第三部分(第15/45页)
你就听我这个爱你的人的话吧。为什么单单我们要比所有其他人更理智,并像孩子似的按照人人只说不做的假道学去做呢?怎么!我们应比伦敦和巴黎比比皆是的那帮学者更讲道德吗?他们嘲笑夫妻之间的忠贞,并视通奸为一种游戏。通奸的例子层出不穷,根本就不是什么丑闻,连议论它都不允许。在这里,所有上流社会人士都在嘲讽尊重婚姻、绝不受情爱诱惑的人。他们说,舆论所说的错事,只要秘密进行,那就算不了一回事。如果丈夫并不知晓妻子的不忠,那他会受到什么伤害呀?一个女人献点殷勤,难道还弥补不了自己的过错吗[5]?为了防止或消除丈夫的疑惑,她什么软招不能使呀?丈夫虽然被剥夺了一种名存实亡的忠贞,反而更真切地享受到了幸福。这种众人议论纷纷的所谓罪恶,只不过是社会中的又一种情结罢了。
上帝保佑,我心中的挚友,我并不想以这种可耻的说法来安抚你的心!我憎恶这类说法,但却又不知如何加以驳斥,而我的良心比我的理智更能回答它。这并不是说我有着一种很大的憎恨它的勇气,也不是说我想要具有一种代价极大的道德,而是我觉得,责备自己有错要比竭力为自己辩解的罪恶要轻一些,而我认为最大的罪恶莫过于有罪而又不思悔过。
我不知道自己在写些什么,我只觉得我的心陷于一种可怕的状态,甚至比接到你的信之前的状态更糟。你给我的希望颇为渺茫而不妙;它扑灭了那曾经无数次地指引着我们的极其纯洁的光芒;你的风采因此而黯淡了,但却变得更加的感人;我看见你温柔多情而又楚楚可怜;我的心中溢满着你眼里流出的泪水,我悲苦凄切地责怪自己竟然以损害你的幸福为代价,去享受再也无法享受的幸福。
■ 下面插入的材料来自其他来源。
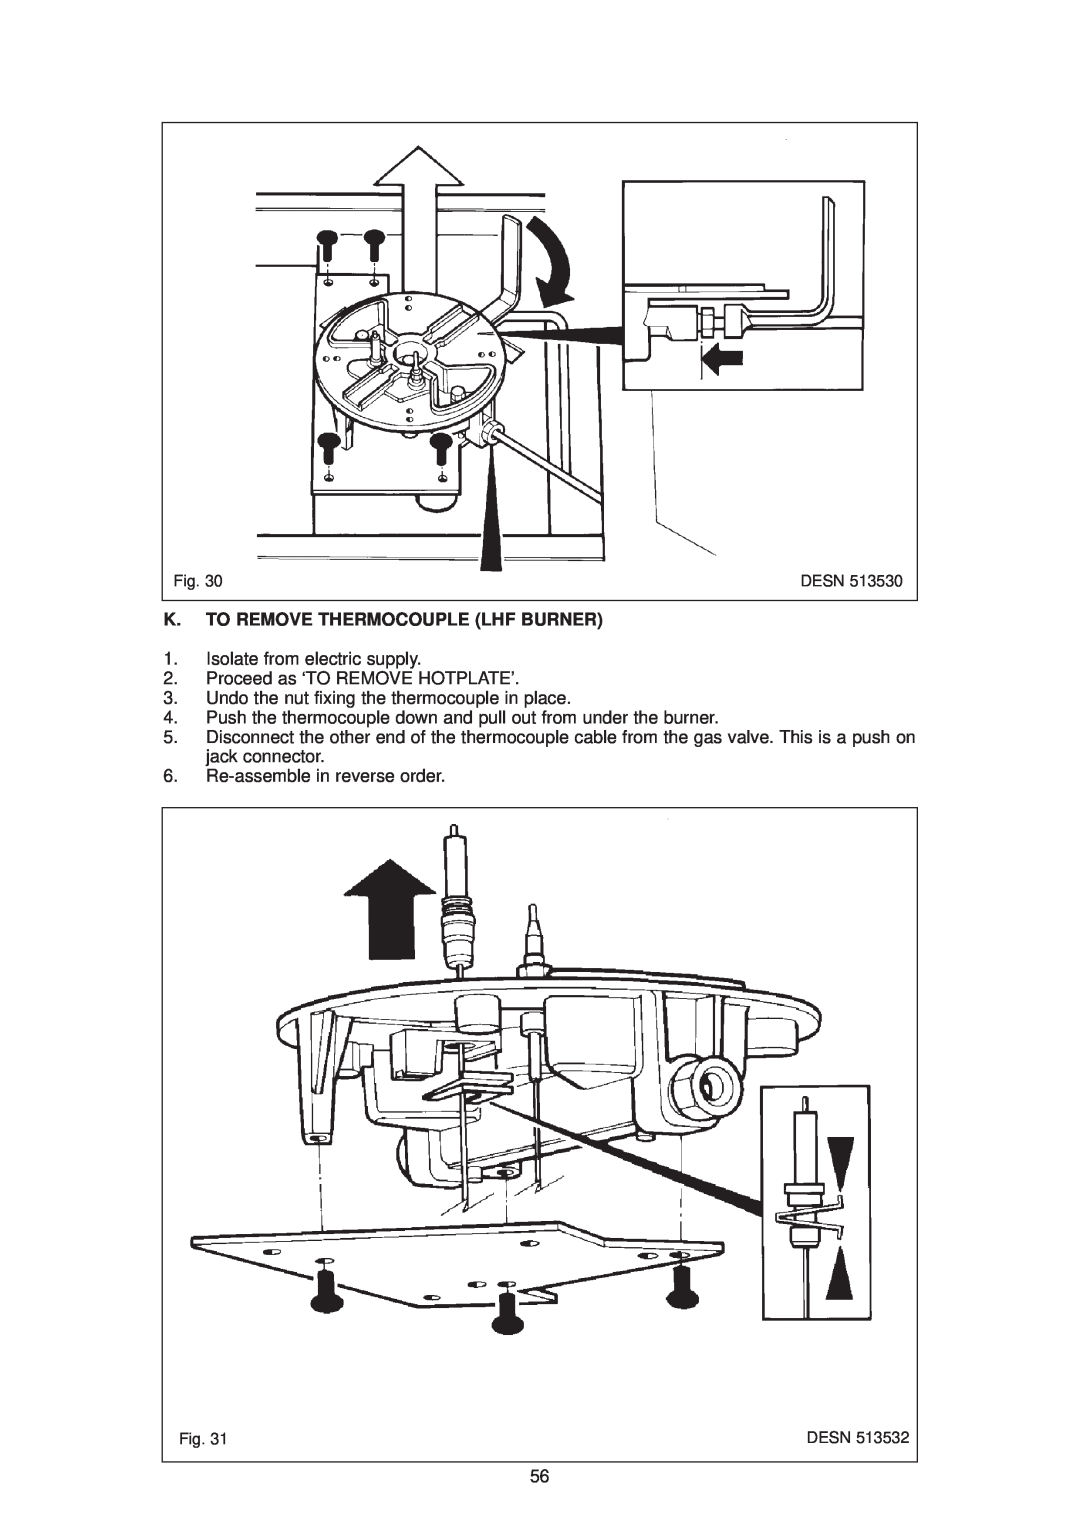 Aga Ranges DESN 512387 A owner manual K. To Remove Thermocouple Lhf Burner, Undo the nut fixing the thermocouple in place

不过,我感觉我心中依然潜藏着一种激情,在使我恢复悔恨想要剥夺的勇气。唉!亲爱的朋友,你知道像我这样的爱情要做出多大的牺牲才能补偿你吗?你知道一个只为你而活着的人能让你热爱生活到何种程度?你清楚地意识到,只是为了你,我才愿意活下去,才愿意去思考,去行事的?我生命的源泉呀,我将以你的灵魂作为自己的灵魂,我将只是你身体的一部分,你将在我的心底里发现一个极其温柔的人,你因此也就感觉不到自己丧失了你的风采。唉!我们将会成为罪人,但我们绝对不是坏人;我们将是罪人,但我们将永远热爱美德:我们绝不敢为我们的错误辩解,我们将为犯了错误而悲叹,我们将一起因犯了错误而哭泣,如果可能,我们将会竭尽全力地多行善事,将功补过。朱丽啊朱丽!你今后怎么办?你又能怎么办!你无法逃脱我的心!难道我的心和你的心没有结合在一起吗?
那些极大的欺骗了我的没来由的计划,我早已忘到脑后去了。我将只还我所欠的爱德华绅士的情。他想带我前去英国,他认为我可以在英国帮他做点事。那好吧!我就跟他去英国吧。但每年我都要跑回来一次;我要悄悄地来到你的身旁。如果说我无法跟你说话的话,那我起码可以看见你;我起码可以吻你的脚印;你只要看我一眼,我就能多活十个月。可我又不得不返回英国,但在离开我所爱的人时,我将数着步子,记着走多远就又可回到她的身边,借此聊以自慰。这么常跑回来看你,可以多少宽慰一点你可怜的情人那悲苦的心;在动身前来看你时,他就已经感受到了见到你的那份激动心情;在他返回时,这份激动一路上都让他心情舒畅;尽管命运残酷,但他忧愁的岁月并不会完全虚度;每年的相见都能增添乐趣,而他在你身边待的那短暂的瞬间将在他整个一生之中年年增加。